Adolf Sommerauer, Ich spürte, wie der Tod ins Zimmer kam: „‚Du mußt es aushalten, bis er die Spritze bekommen hat, die ihm das wa­che Bewußtsein nimmt. Er hängt an dir, du darfst ihm das nicht antun.‘ In demselben Augenblick, als meine Frau um des Nächsten willen ihren Mann leiden ließ, war mir klar, dass Christus lebt und dass er da ist. Es war eine Geborgenheit in dem Christus, der dem Tod die Macht genommen hat. Und ich glaube, dass in ihm auch der Mann geborgen war, der an der Weggabel die andere Richtung nehmen musste.“

Ich spürte, wie der Tod ins Zimmer kam

Von Adolf Sommerauer

Daß menschliches Leben durch keine Formel hinreichend er­klärt werden kann, ist eine alte Geschichte. Trotzdem muß der Versuch immer wieder unternommen werden. Sollte die Menschheit als Ganzes oder in ihren Teilen auf den immer neuen Anlauf zum Selbstverständnis verzichten, müßte und würde sie sich selbst vernichten. Das ist denkbar. Jedermann erlebt bewußt oder unbewußt diese Verlegenheit, wobei zwi­schen „bewußt“ und „unbewußt“ kein allzu großer Unter­schied ist, wenn man ihn nicht – irrtümlich und hochmütig – zum Unterschied zwischen „gebildet“ und „ungebildet“ ver­einfacht.

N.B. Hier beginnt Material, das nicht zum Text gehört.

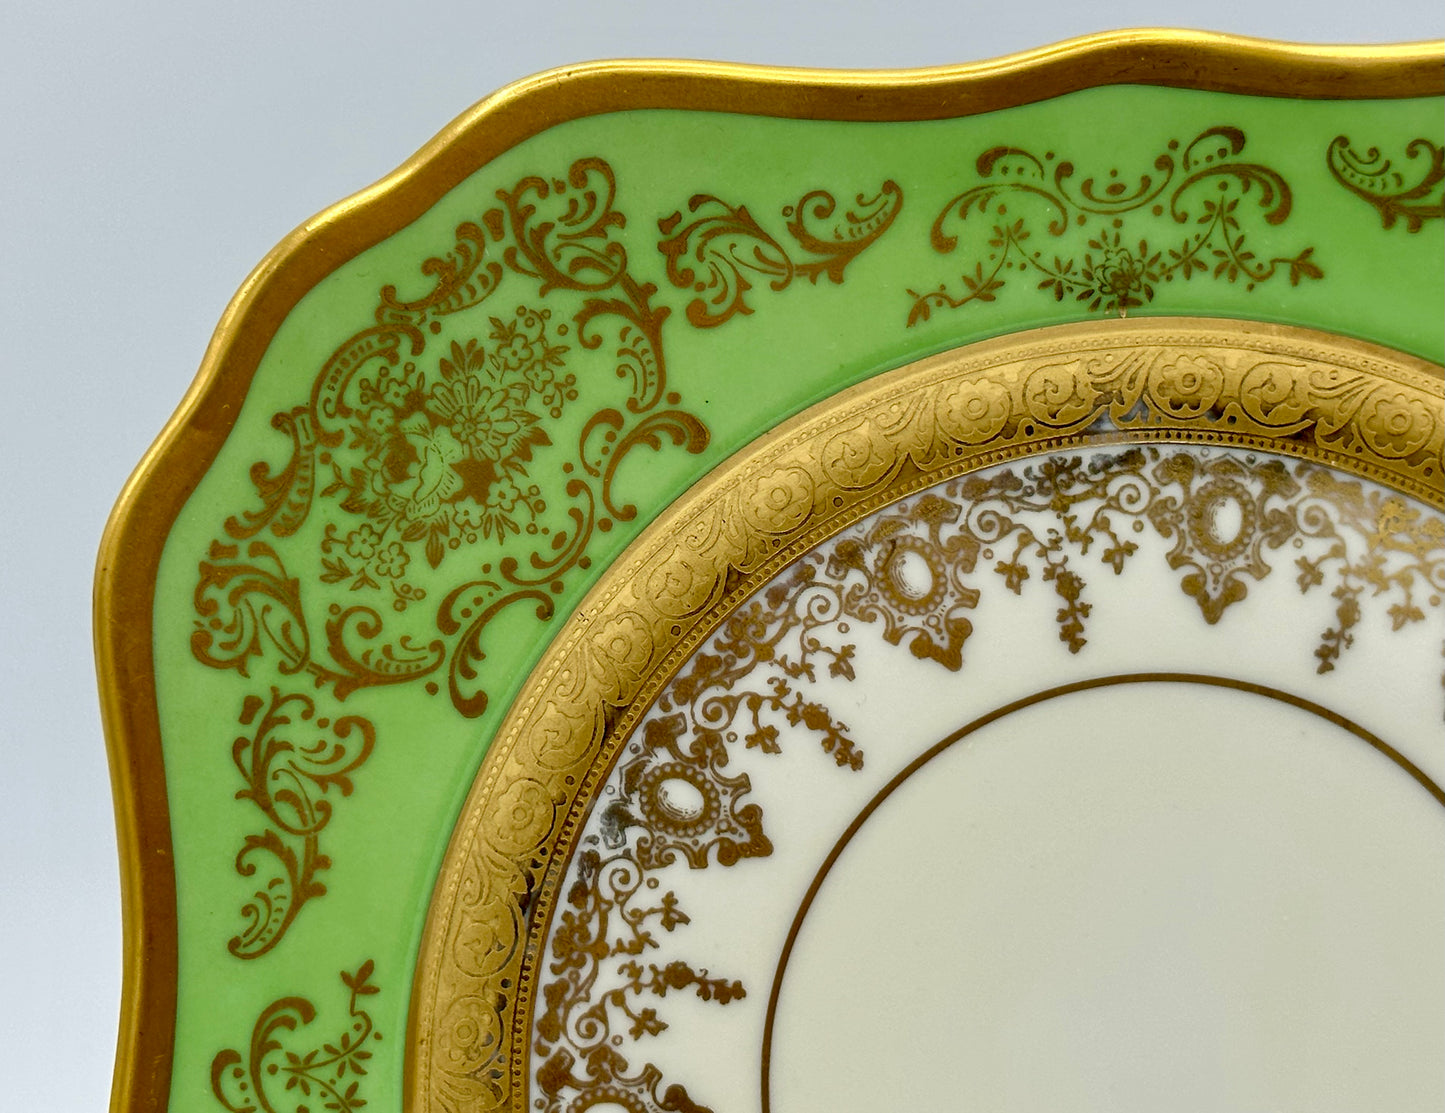 Set of 6 Rare Green and Gold Lunch Plates I Bring a Touch of Royal Bavarian History to Your Table I Art Nouveau Period - DharBazaar

Um diese Theorie praktisch darzustellen, schildere ich Teile meines Lebens als eine Mischung aus Bestimmung und Entscheidung. Beide Faktoren kann ich prozentual nicht fest­legen, aber keinen kann ich weglassen ohne völlige Verfäl­schung des anderen. Diese Stellung in einer unbestimmbaren Mitte erfordert eine Geduld, die, soweit ich es erfahren habe, von sehr vielen Menschen weder für sich noch für andere aufgebracht wird.

1. Ich bin in einer – damals noch selbstverständlicher als heute – unkirchlichen Arbeiterfamilie aufgewachsen. Als kirchliches Relikt war in der Wohnung eine bei der elterli­chen Trauung empfangene Bibel vorhanden. In dieser Bibel gab es fettgedruckte Stellen, in denen ich als Schüler – keine Erinnerung: wieso und warum – herumlas. Ohne solche fett­gedruckte Stellen hätte ich … aber Bestimmung hätte sicher auch noch andere Wege gehabt.

2. Damals konnte ein Arbeiter kaum auf den Einfall kom­men, seinen Sohn in eine höhere Schule zu schicken. Mein Lehrer ließ meinen Vater kommen und legte ihm diesen Ein­fall – für mein Leben war es einer! – nahe.

3. Mein Religionslehrer in der letzten Klasse des Gymna­siums zwang mich an verschiedenen Stellen zum denkenden Widerstand. Er meinte z. B. entsprechend der damaligen Ethik, daß das Vergnügen des Sonntags nur den Wert der Re­generation für die nächste Arbeitswoche habe. Ich wollte das Vergnügen als Selbstzweck erleben und habe mit dem Lehrer oft gestritten – übrigens um die gleiche Frage, nur theolo­gisch verbrämt, in späteren Jahren immer wieder mit man­chen Christen.

4. Nach dem Abitur, trotz allen modernen Jammerns kein Vergleich mit heute: keine Arbeit, keine Aussicht auf Liebe, zu der man damals noch die Erfüllung einer Ehe rechnete. Kein Sinn des Lebens, die Welt mit Brettern vernagelt.

Die weitere Entwicklung, den plötzlichen Entschluß, Pfar­rer zu werden, behalte ich für mich. Ich wurde oft darnach ge­fragt aus Neugier, aus ehrlicher Freundschaft, einmal sogar sehr intensiv von Heerespsychologen zur Erprobung meiner Tauglichkeit als Offizier. Ich nenne hier wenigstens einige Gründe für meine Schweigsamkeit. Solche sogenannte „Schlüsselerlebnisse“ werden in dem Augenblick zwielichtig, wo sie die Funktion eines Schlüssels nicht mehr haben. Je nach Situation und Laune kann man ein solches Erlebnis für ein Wunder halten, oder für einen wunderlichen Zufall, oder für Selbsttäuschung, oder für bewußte Umdichtung, jeden­falls für etwas anderes, als es war. Offenbar sind einige Erleb­nisse ausschließlich für zwei Menschen oder ausschließlich für einen Menschen und seinen Gott bestimmt, unbrauchbar als Nachweis oder Propaganda. Wenn es immer nach dem Willen Jesu gegangen wäre, würden einige Berichte im Neuen Testament fehlen. Hierher rechne ich auch, daß der Apostel Paulus ein solches „Schlüsselerlebnis“ bewußt so verschwommen andeutete, daß auch eine exakt theologische Neugier sich bescheiden muß.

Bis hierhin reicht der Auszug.